The door hissed shut, and Liraya was alone with the silence and the steady, rhythmic beep of the heart monitor. She moved to the chair Crew had vacated, the plastic still warm from his presence. She reached out and placed her hand over Konto's, his skin cool to the touch but not cold. The faint, phantom scent of rain still lingered in the air, a whisper of his presence. Crew was right. He was listening. But listening wasn't enough. The city was healing, but it was vulnerable. A new threat was stirring in the depths of the dreamscape, a feral, mindless thing that would not be soothed by blankets made of shadow. They needed him. They needed their captain. And she would not let him be a silent king. She would find a way to give him back his voice, even if she had to tear down the archives of the old world to do it.
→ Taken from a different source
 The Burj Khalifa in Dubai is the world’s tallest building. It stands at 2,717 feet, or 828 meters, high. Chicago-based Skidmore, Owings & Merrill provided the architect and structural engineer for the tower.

Three days later, Liraya stood not in a sterile hospital room, but in the heart of what was once the Magisterium's greatest seat of power. The Grand Archives. The air here was different from the antiseptic chill of the hospital. It was a thick, heavy tapestry of scents: the dry, vanilla perfume of decaying paper, the sharp, metallic tang of dormant magic sealed within crystal vellum, and the faint, dusty breath of centuries. Towering shelves, carved from the same dark, rune-etched stone as the city's foundations, stretched into a gloom so profound it seemed to swallow the light from the floating lumen-orbs that drifted between the aisles like captive stars. This had once been the most restricted place in Aethelburg, a fortress of knowledge accessible only to the highest echelons of the Council. Now, its doors stood open, a public monument to the regime that had fallen. A symbol of transparency. Liraya knew better. Transparency was just another kind of curtain.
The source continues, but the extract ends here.